Social Workers traditionally have been committed to improving American life through voluntary association of a sociopolitical nature. The involvement of Social Workers in social movements and political processes has taken many forms and concentrated on various elements needing improvement in American society and government, depending on many factors within the profession’s development.

Social Workers from the National Association of Social Workers have sought to renew and strengthen their organizational and professional focus in the political process by forming a national voluntary association for collective action which is the Political Action for Candidate Election (PACE). To secure the benefits of similar participation in chapter political processes, NASW-AR PACE was established to define a political action group for professional Social Workers in the Chapter of Arkansas.


Who Is NASW-AR PACE?

You are!

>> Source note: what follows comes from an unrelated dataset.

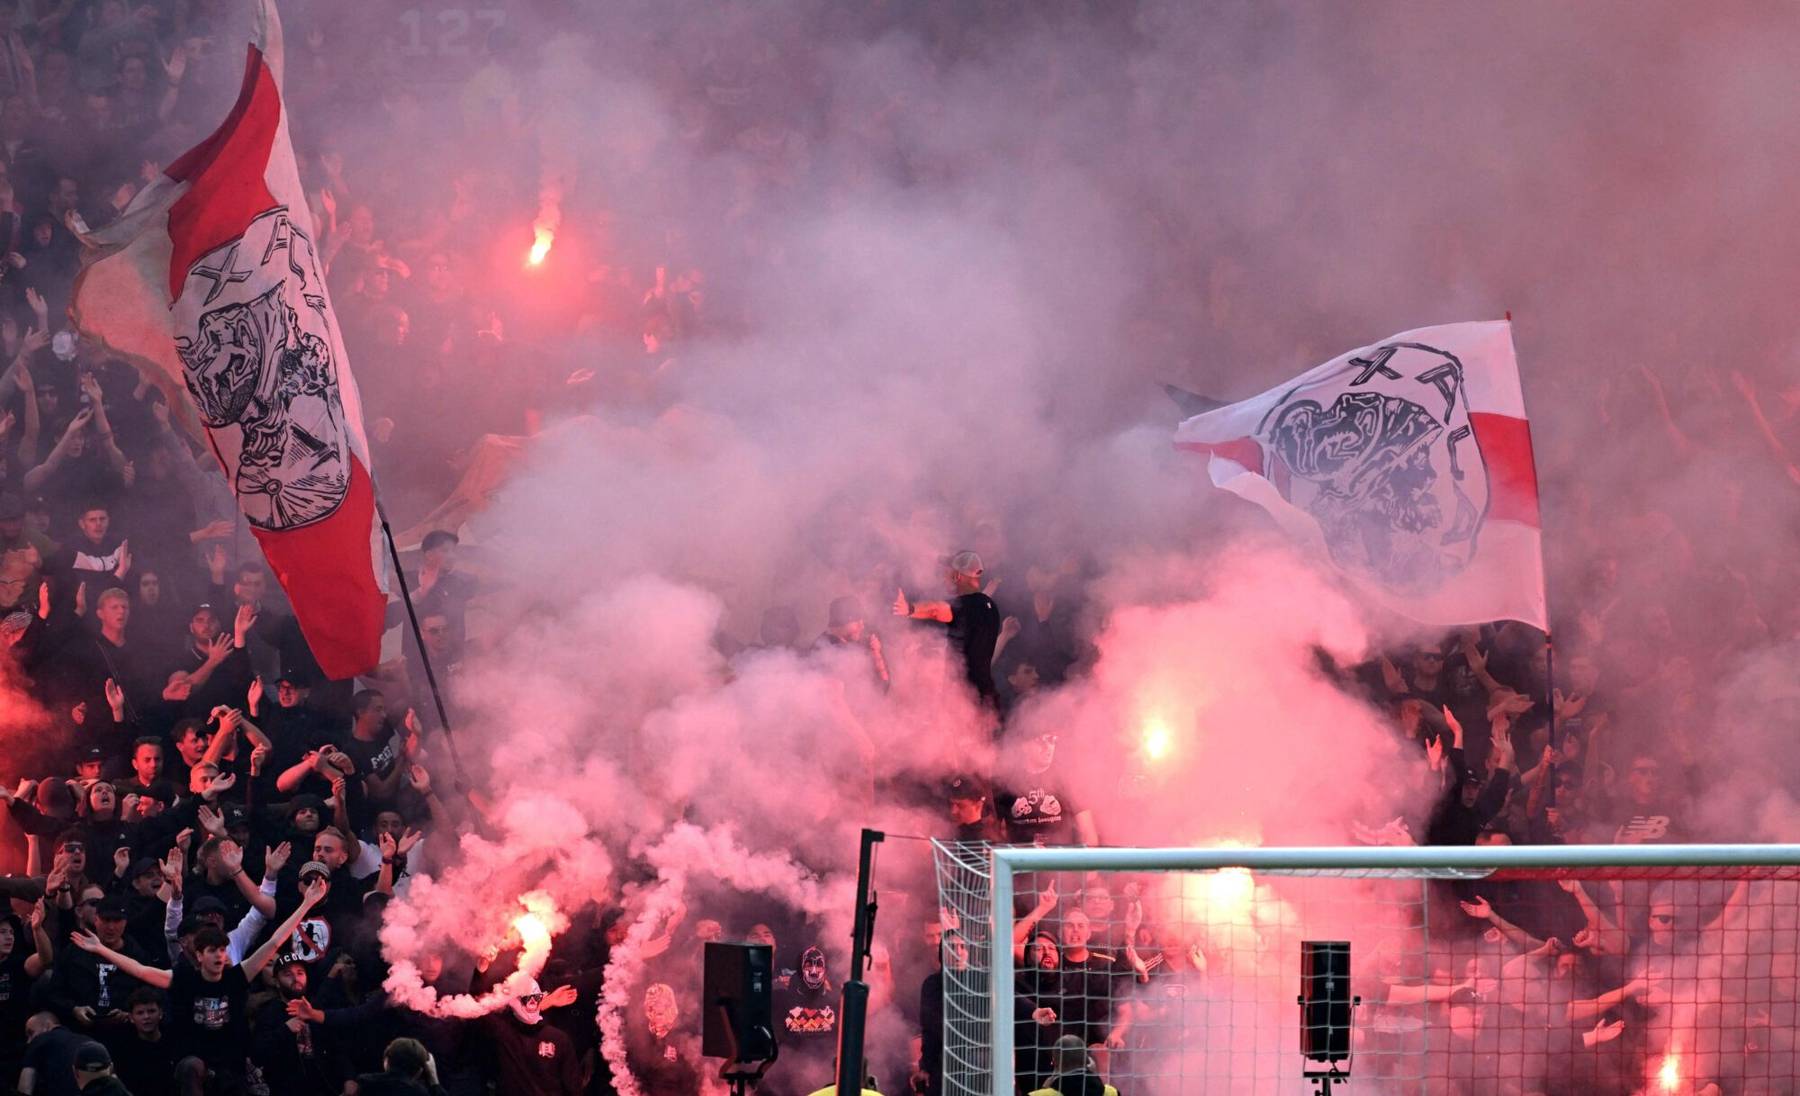 Ajax - Feyenoord

Through NASW-AR PACE, social workers like you can make contributions to support progressive candidates and volunteer to work on campaigns of NASW-AR PACE endorsed candidates.


What Are NASW-AR PACE’s Goals?

NASW-AR PACE recognizes the importance of social workers’ roles in the formulation of sound public policy and seeks to build constructive working relationships with elected officials by:

  • Advancing social workers as candidates for public office.
  • Organizing social workers to help elect endorsed candidates to public office who support legislation and public policy consistent with the aims of NASW-AR.
  • Providing political education about endorsed candidates and issues to members of NASW-AR.
  • Promoting the adoption of public policy through political action that is in the interest of the social work profession and consumers of social work services.

How Do We Accomplish These Goals?

Political action is the key. The involvement of thousands of social workers working together can dramatically increase our influence and power in the political process. With your commitment and support, we can strengthen the voice of social work in the Arkansas General Assembly. You can be a part of the NASW-AR PACE team by:

  • Contributing to the NASW-AR PACE fund. These funds are used to provide financial support to candidates and to organize social workers to work on campaigns.
  • Volunteering to work for an NASW-AR PACE endorsed candidate.
  • Serving as a local organizer for social work participation in grassroots political activity.
  • Helping candidates for public office build ties to the social work community by sponsoring candidate forums.

Contributions

If you would like to contribute to the NASW-AR PACE fund to support progressive candidates or volunteer to work on campaigns of NASW-AR PACE endorsed candidates, please e-mail Holly at hbarron@naswar.org.  For information on the income and expenditures of NASW-AR PACE or any other Arkansas political action committee, visit the Arkansas Secretary of State financial disclosure search website.


Coalitions

NASW Arkansas Chapter is currently represented in the following coalitions:

Arkansas Advocates’ for Children & Families Kids Count Coalition to promote, protect and unify the interests of the children and families of Arkansas.

National Coalition Against Domestic Violence to assist victims of violence gain and maintain their freedom from abuse; to support parents fighting to protect their children from an abusive partner or ex-partner within the court system; and to support NCADV’s public policy efforts aimed at educating national leaders on the issue of domestic violence and influencing national legislation, policy and funding decisions that keep victims of violence safe.